Lover's Lake killifish

Scientific classification
- Kingdom: Animalia
- Phylum: Chordata
- Class: Actinopterygii
- Order: Cyprinodontiformes
- Family: Fundulidae
- Genus: Fundulus
- Species: F. relictus
- Binomial name: Fundulus relictus Able & Felley, 1988
- Synonyms: Fundulus rhizophorae non Goode, 1877;

= Lover's Lake killifish =

- Authority: Able & Felley, 1988
- Synonyms: Fundulus rhizophorae non Goode, 1877

Species of fish

Lover's Lake killifish (Fundulus relictus) is a species of killifish endemic to the Atlantic archipelago of Bermuda, an overseas territory of the United Kingdom.

The Lover's Lake killifish is presumably descended from one or several colonization events by the F. heteroclitus - F. grandis species complex from the Atlantic coast of North America. It shares the island chain with the related Bermuda killifish, another killifish species also endemic to Bermuda, and was formerly synonymized with it. These two species are indistinguishable in the field, and differentiated by egg morphology and body measurements. Despite this, no pond in Bermuda has been found to contain multiple killifish species together. It has been suggested that there may be more distinct species of Killifish previously described as F. relictus.

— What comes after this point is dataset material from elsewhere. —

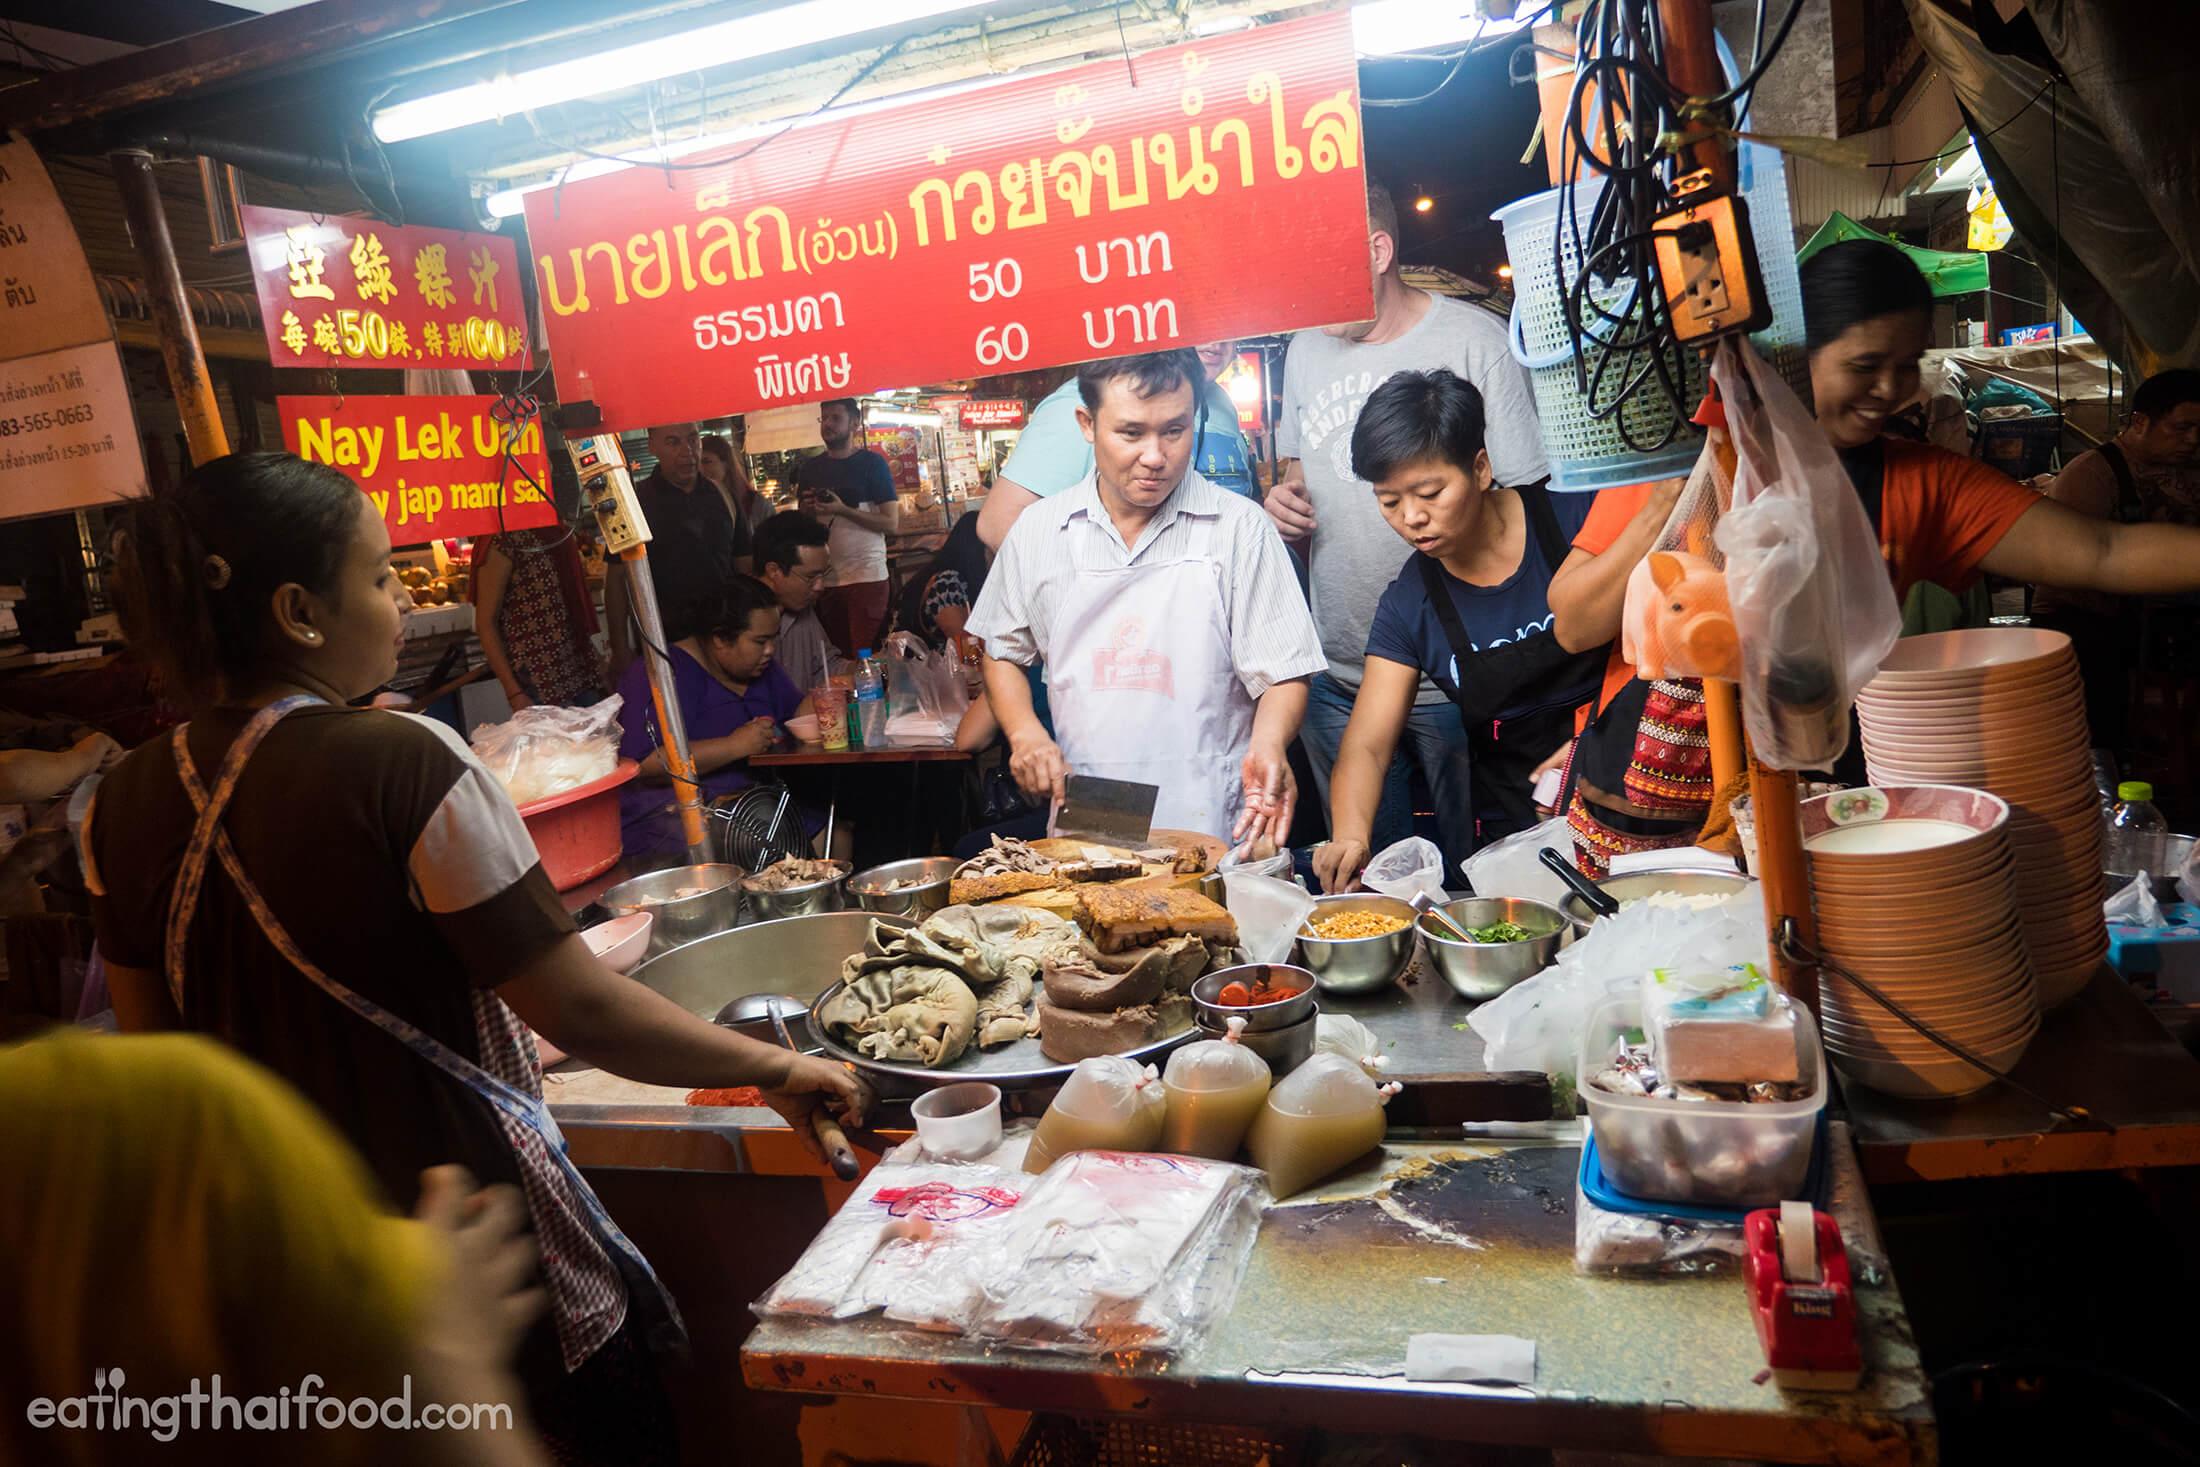 Peppery Soup and Crispy Pork: Kuay Jab Nay Lek (ก๋วยจั๊บนายเล็ก)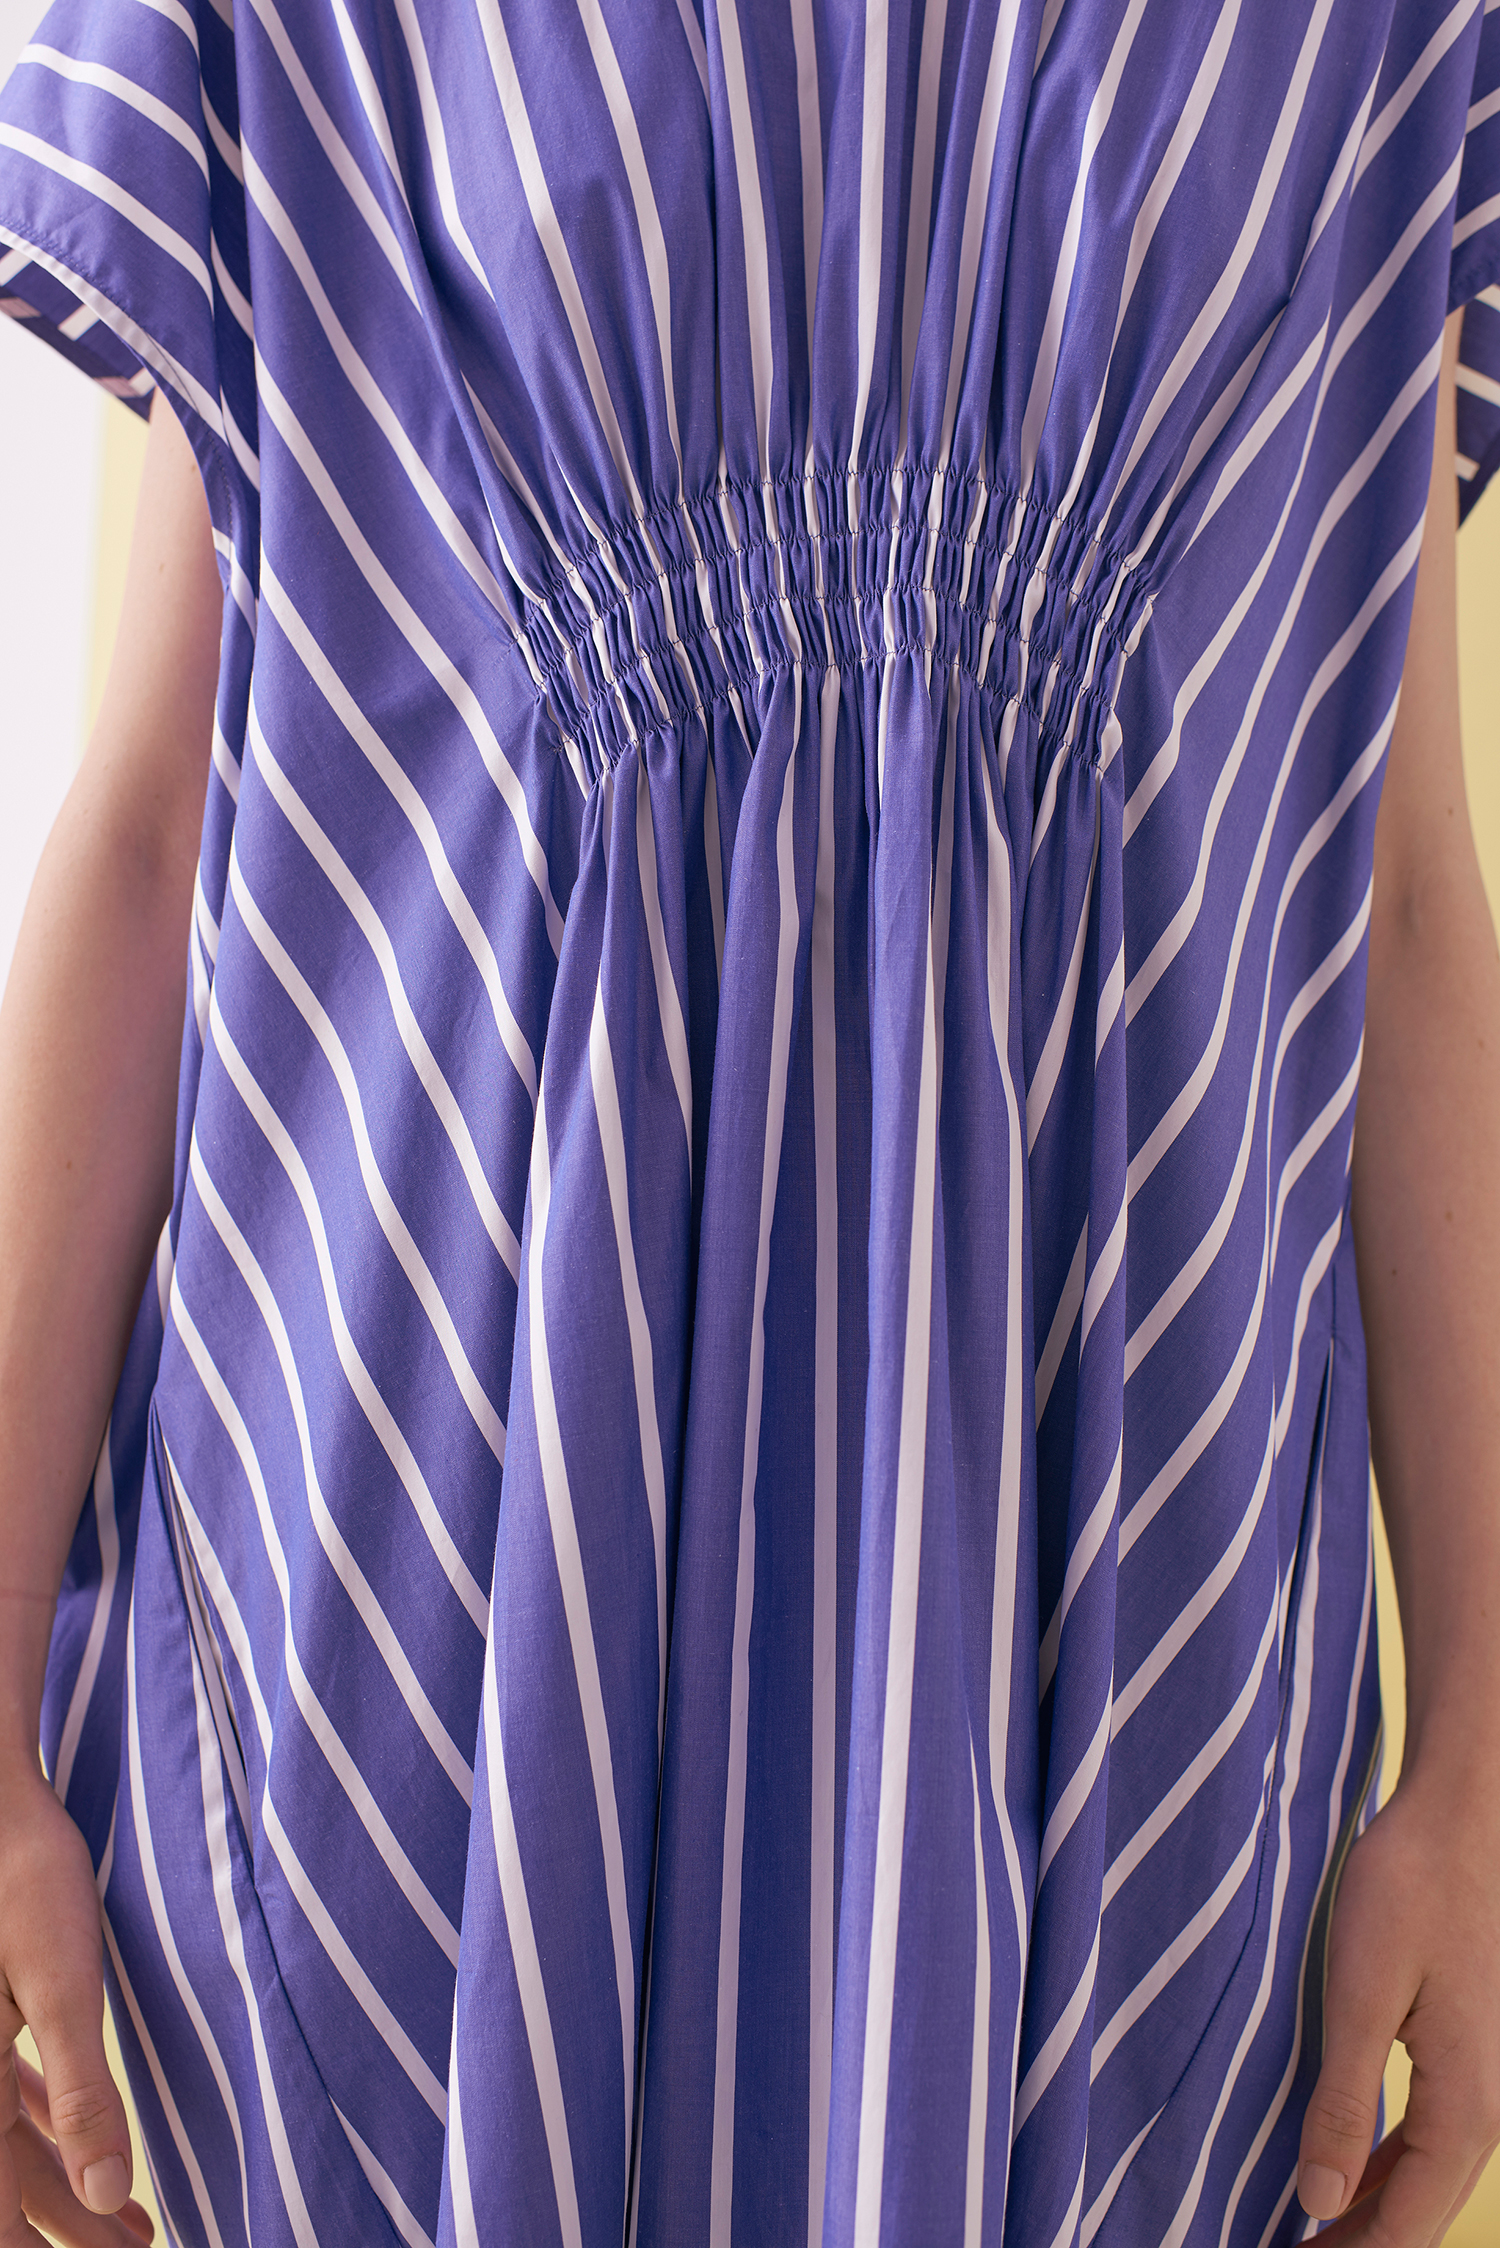 Sarah_Swann_SS17_01_Striped_Shirring_Dress_CeruleanBlue_D01.jpg

On average, the Lover's Lake killifish measures 5.1 centimeters long, growing up to 9.7 centimeters. Females are generally larger than males. The male is dark green with a yellow underside and a dark ocellus on the dorsal fin when spawning. The female is brown or olive in colour, paler below. Females are generally larger in size than males. The Lover's Lake killifish feeds opportunistically. Its omnivorous diet includes filamentous green algae, plant material, molluscs, crustaceans and insects.

The Lover's Lake killifish was formerly described alongside the Bermuda killifish (F. bermudae) as abundant throughout the islands' wetland communities, but populations declined after disruption of their habitats through the 19th and 20th centuries. During this period, marshland was filled in for mosquito control and garbage disposal, leading to a 65% loss of Bermuda's marsh coverage. The Lover's Lake killifish is now found in only a few freshwater, brackish, and saline ponds on St. George's Island and St. David's Island, including Bartram's Pond and Lover's Lake, for which the species is named. While most of the ponds containing the killifish's populations are protected as nature reserves, they are often located near areas of high development, leading to risk of pollution. They are also threatened by native predators such as diamondback terrapins, grey snappers, American eels and birds, including the reintroduced yellow-crowned night heron, as well as introduced predators such as red-eared sliders and eastern mosquitofish.